### [PROVIDED DATA]

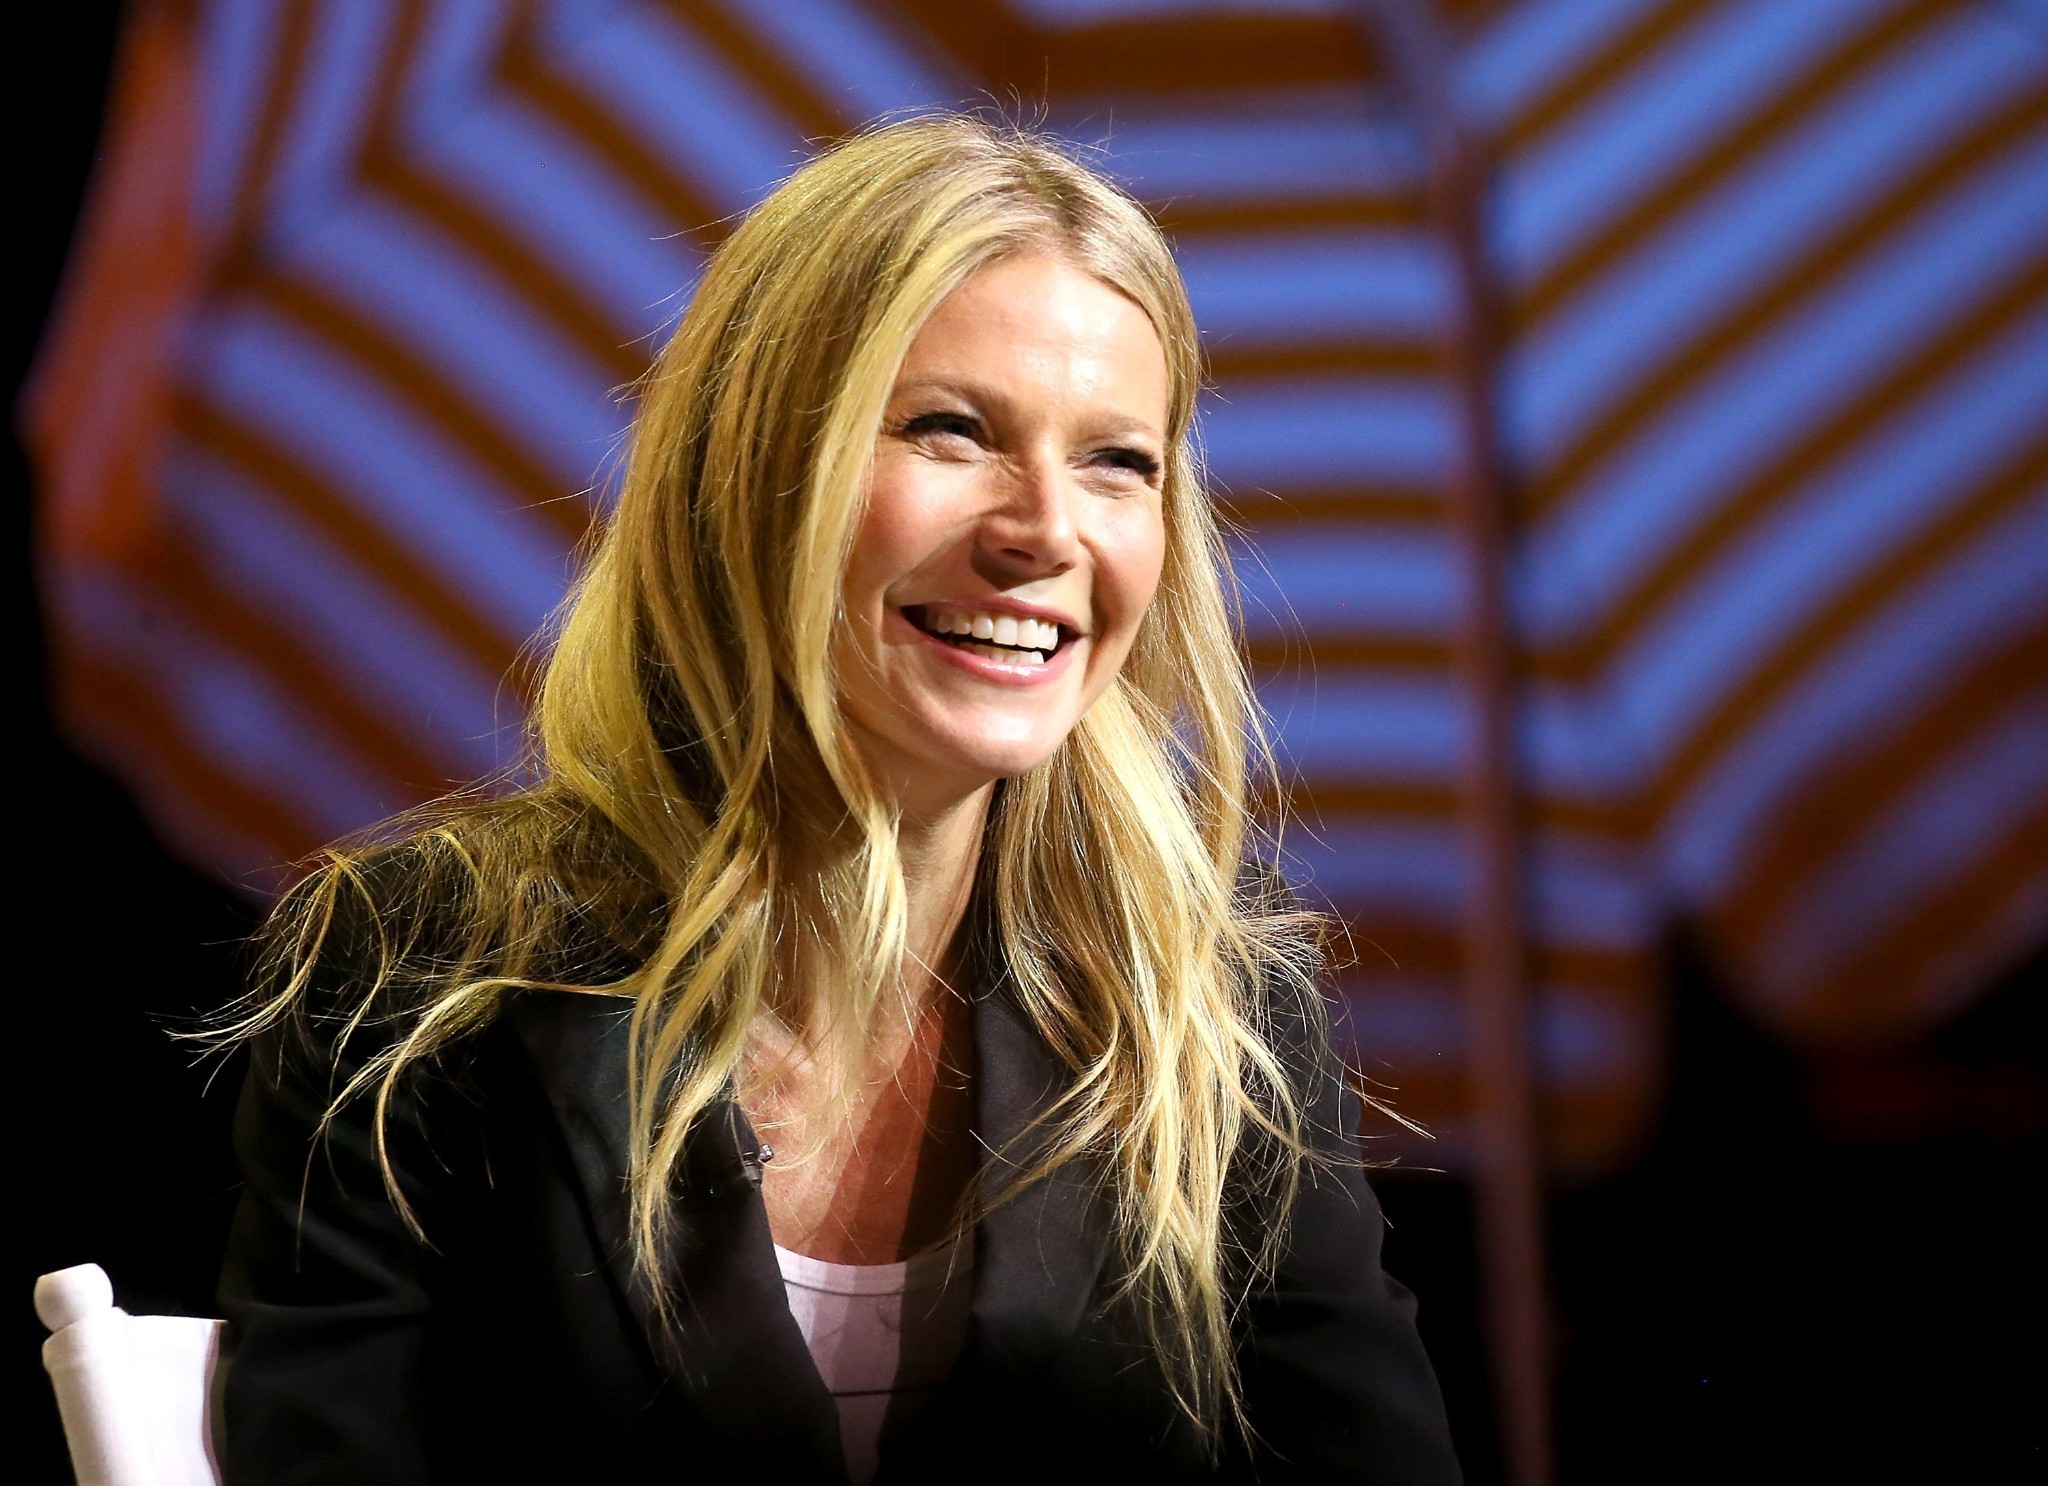 Gwyneth Paltrow is hosting a wellness summit in LA this summer
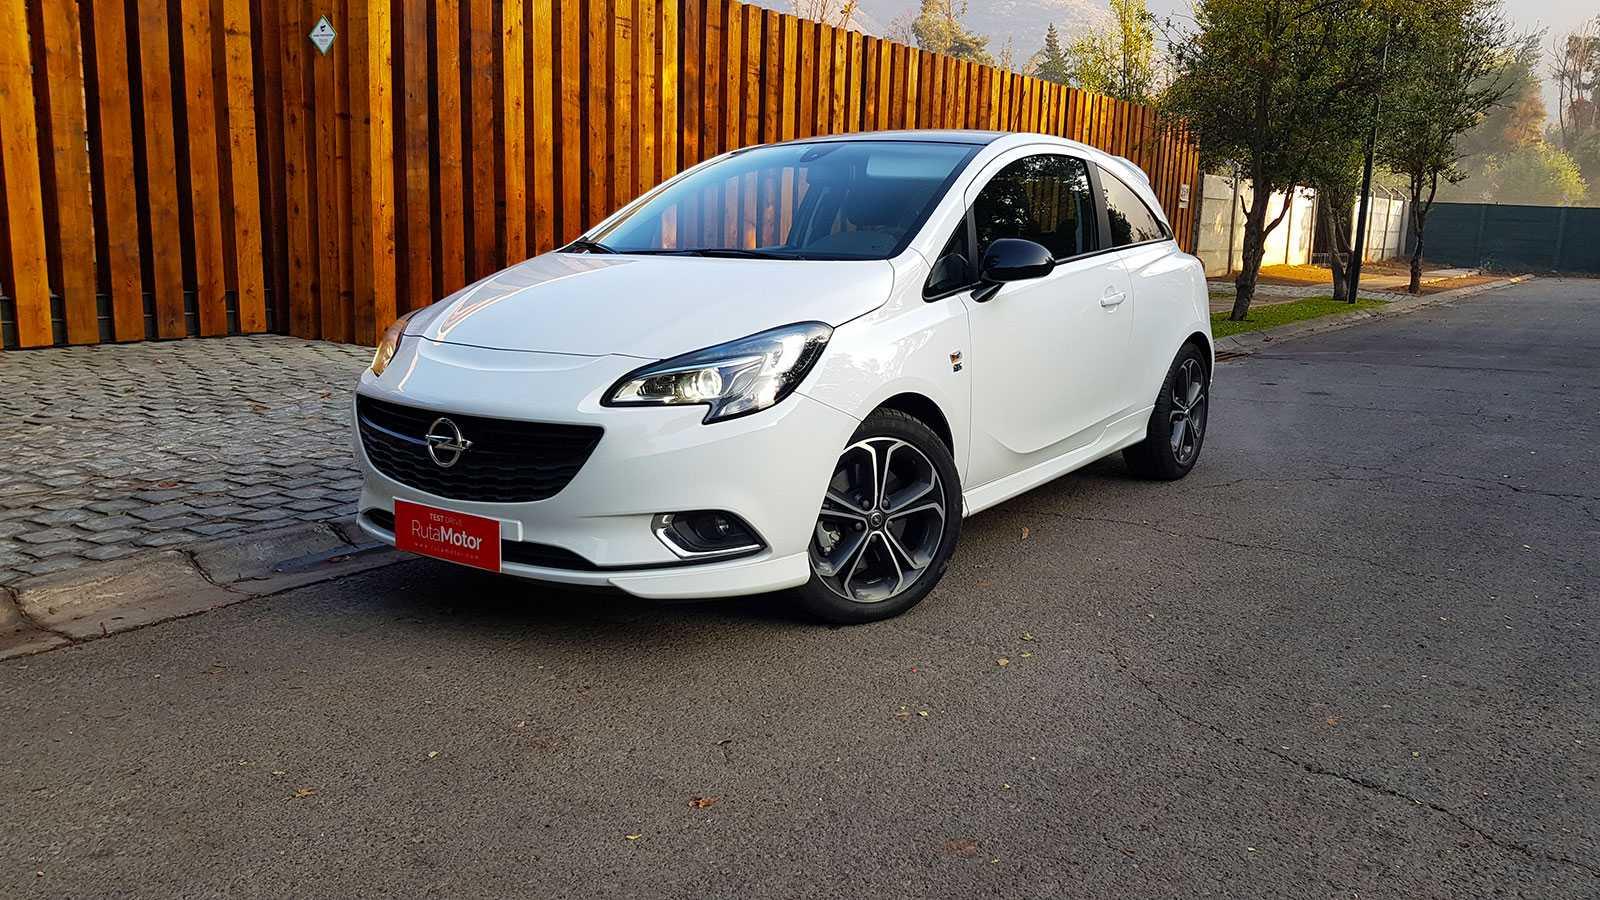 Opel Corsa 1 4t 150 Cv 6mt Opc Line 2019 El Clasico Eterno Rutamotor
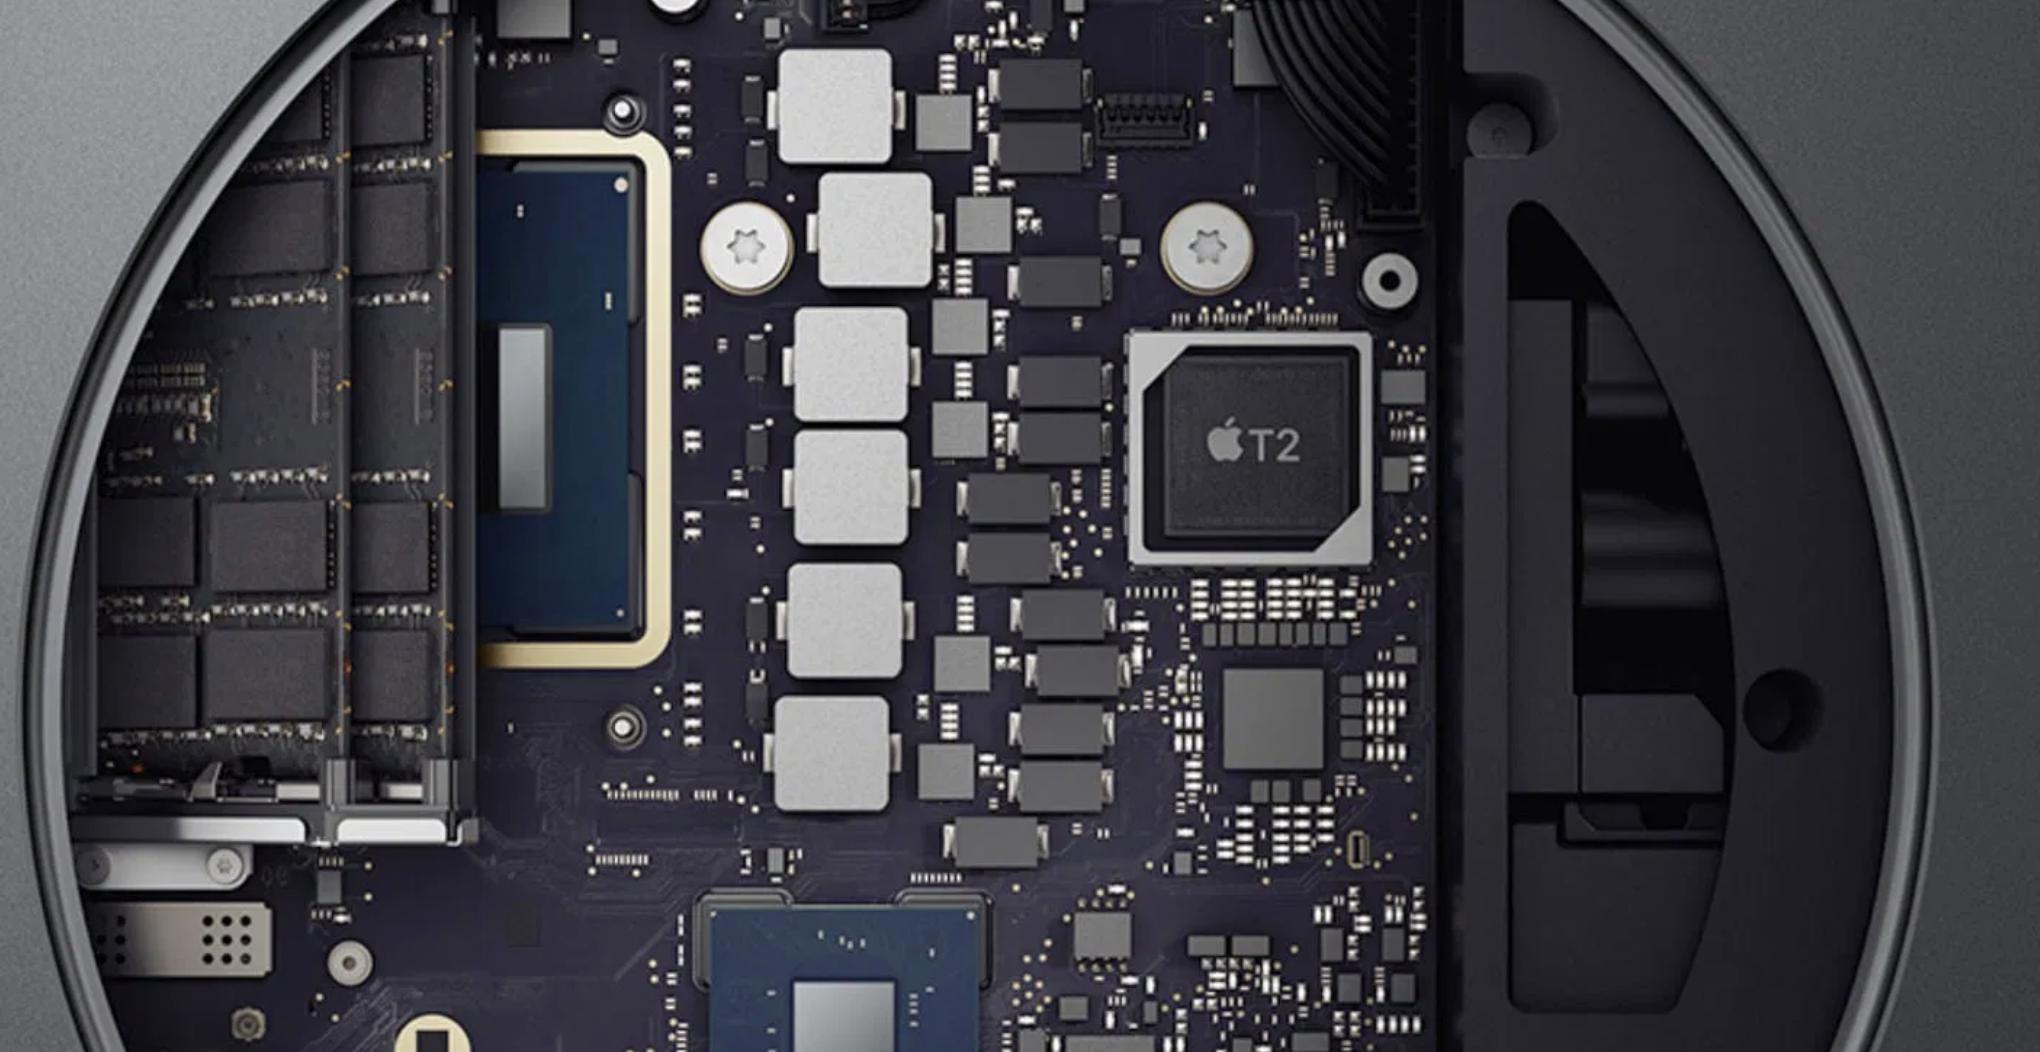 苹果 T2 芯片被发现存在不可修复的漏洞
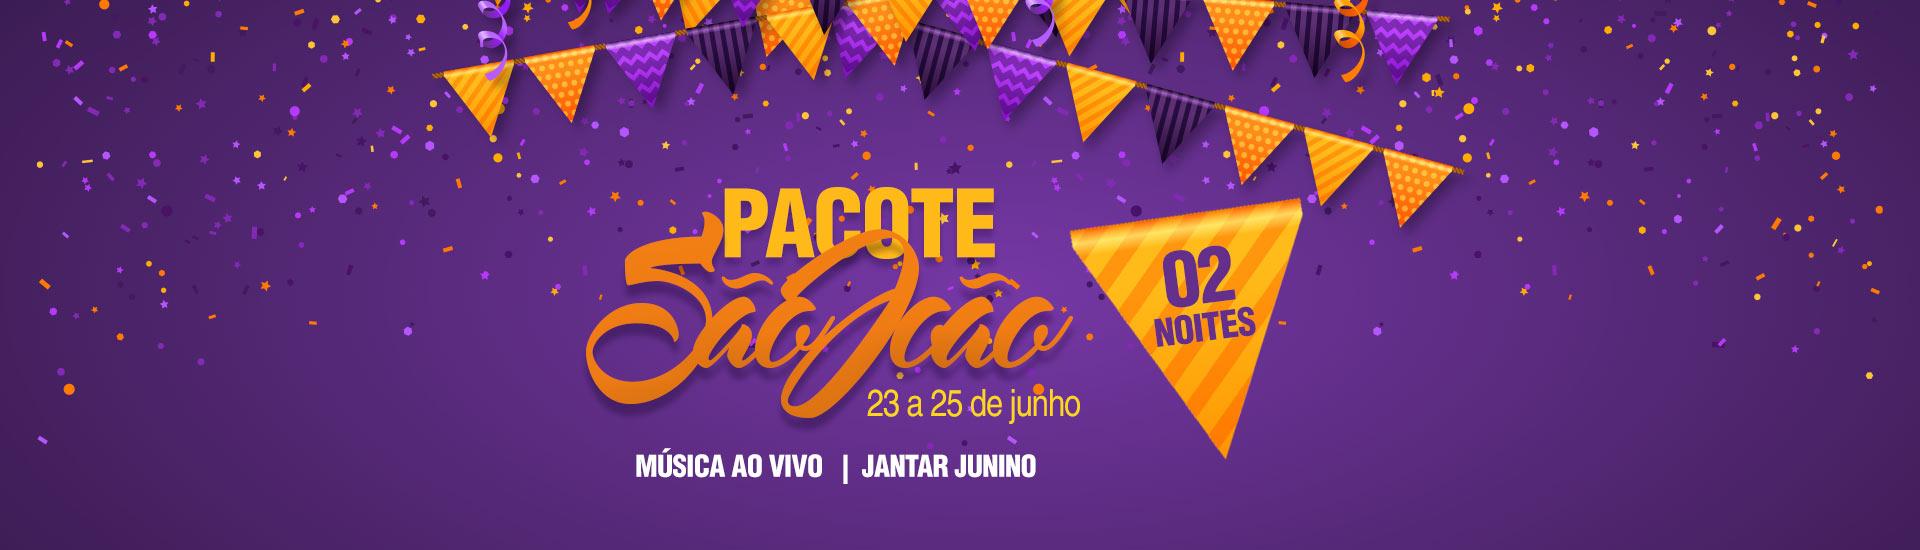 Pacote São João 2017

### [TASK DIRECTIONS]
Your task is to copy exactly the lines from the line containing "Opel Corsa 1" through the final line of the listing above and to omit every picture.

### [TASK RESPONSE]
 Opel Corsa 1 4t 150 Cv 6mt Opc Line 2019 El Clasico Eterno Rutamotor
 苹果 T2 芯片被发现存在不可修复的漏洞
 Pacote São João 2017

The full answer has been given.